In order to do this, the RAM must be indexed by number. Older x86 processors had a limitation in the size of the CPU indexing registers: they were only 16-bits wide, meaning that any one register could only access 65536 bytes at a time. However, a typical PC could have up to 20-bits worth of addressable RAM (16 times the amount a single register could hold, or 1048576 bytes).

The way Intel decided to handle this is to implement a "segment" register, one which had a granularity of 16 bytes -- it could access memory in 16 byte increments. Given a segment register and an index register, often written as DS:SI or the like, they could be combined to address the full range of memory. (The way it was actually done is weird, but don't worry too much about that.)

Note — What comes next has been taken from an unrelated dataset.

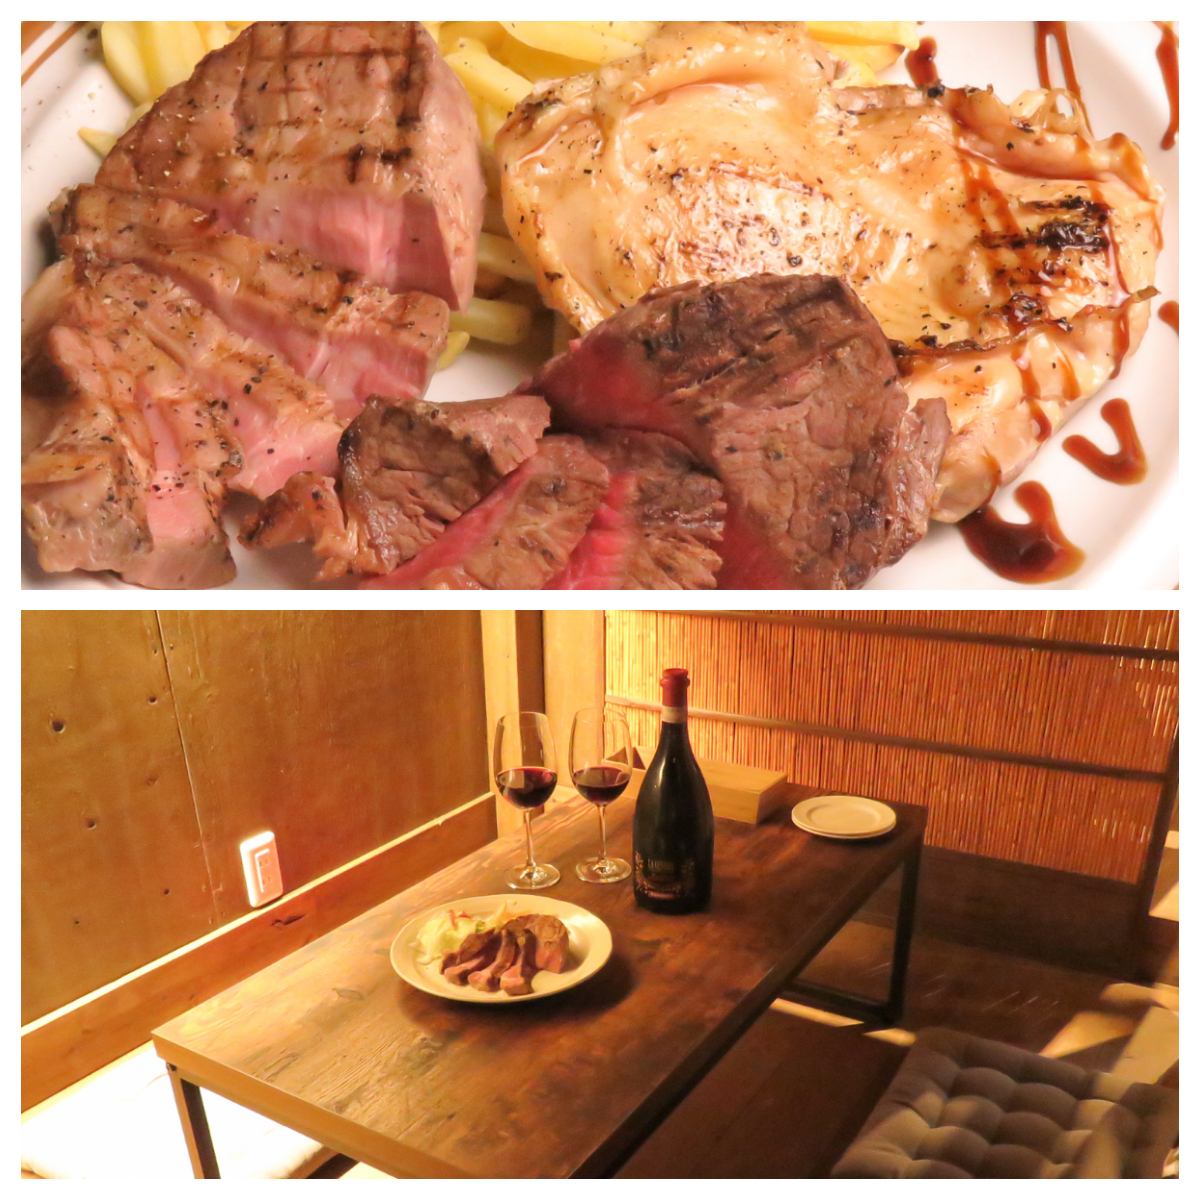 1 minute walk from Kurokawa station! Enjoy luxurious meat in a fashionable space ♪ For anniversaries, birthdays, girls-only gatherings, etc. ☆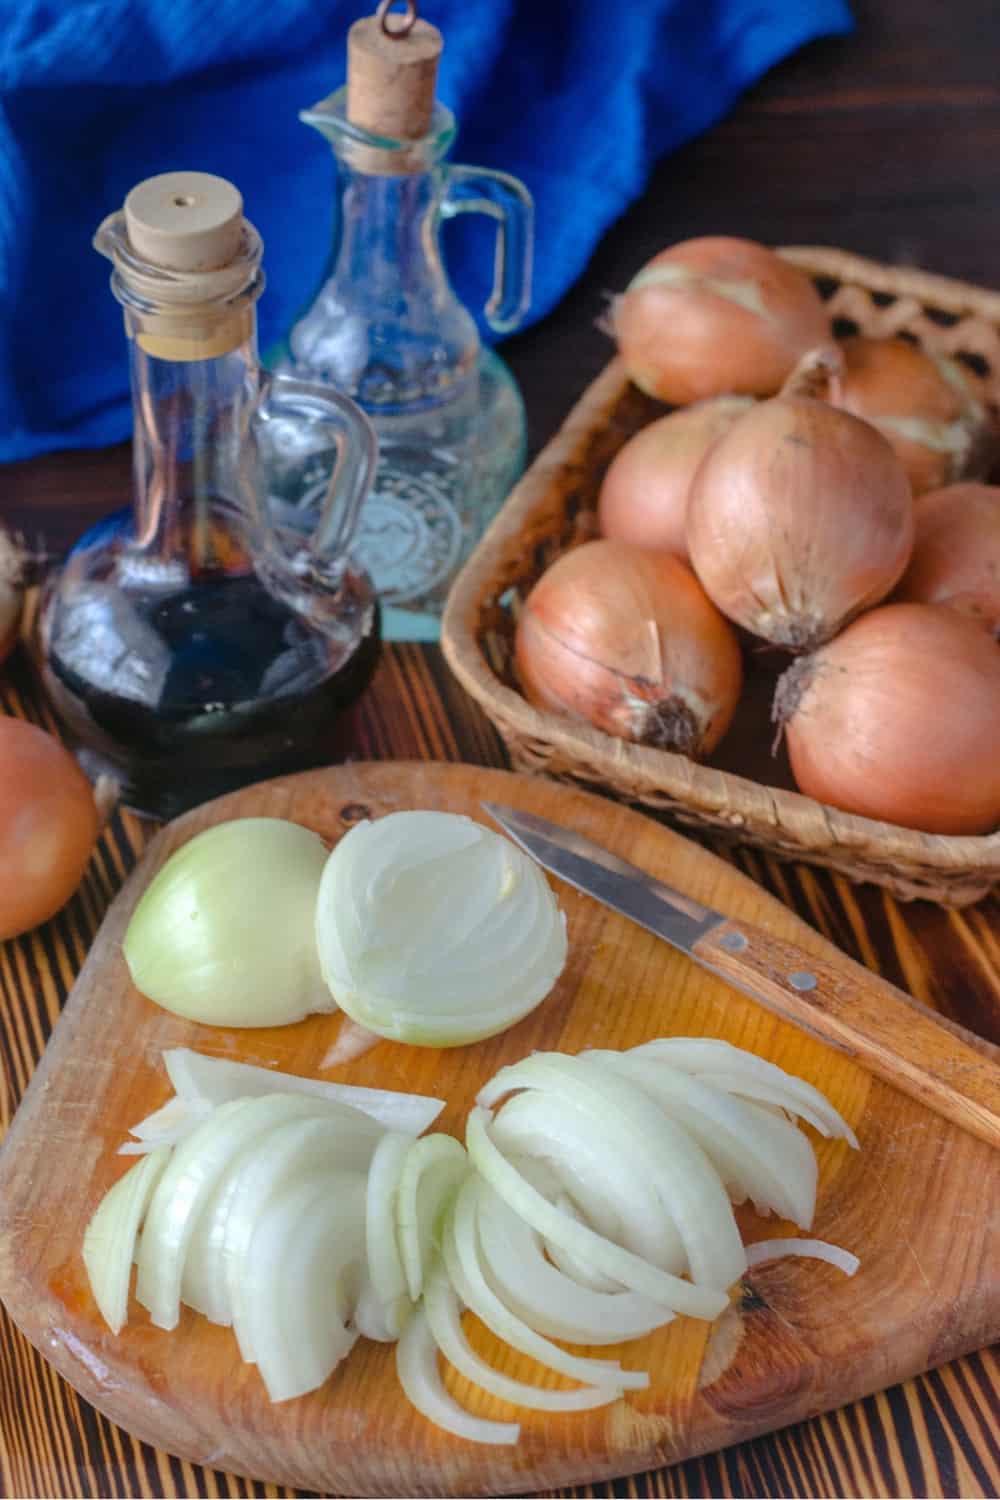 photo of cut up onion on wooden cutting board

Modern computer architectures use the same concept. A "segment" register is one that indexes the beginning of a certain segment of memory, to which the address in another (index) register is relative.

A stack is a specific way of organizing memory. Google it to read more. Processors typically expect the software to initialize a stack that the processor can use to manage the software running on it. For example, if you write a subroutine and call it, how does the computer know where to continue when the subroutine returns? That information is pushed onto the stack before transferring to the routine, and popped off before returning.

In order to keep order, certain registers have the special capabilities of referencing the beginning, top, and indices into the stack.

Instruction pointer registers likewise have the special purpose of indexing where in RAM the next opcode (or instruction) to execute is found.

Hope this helps.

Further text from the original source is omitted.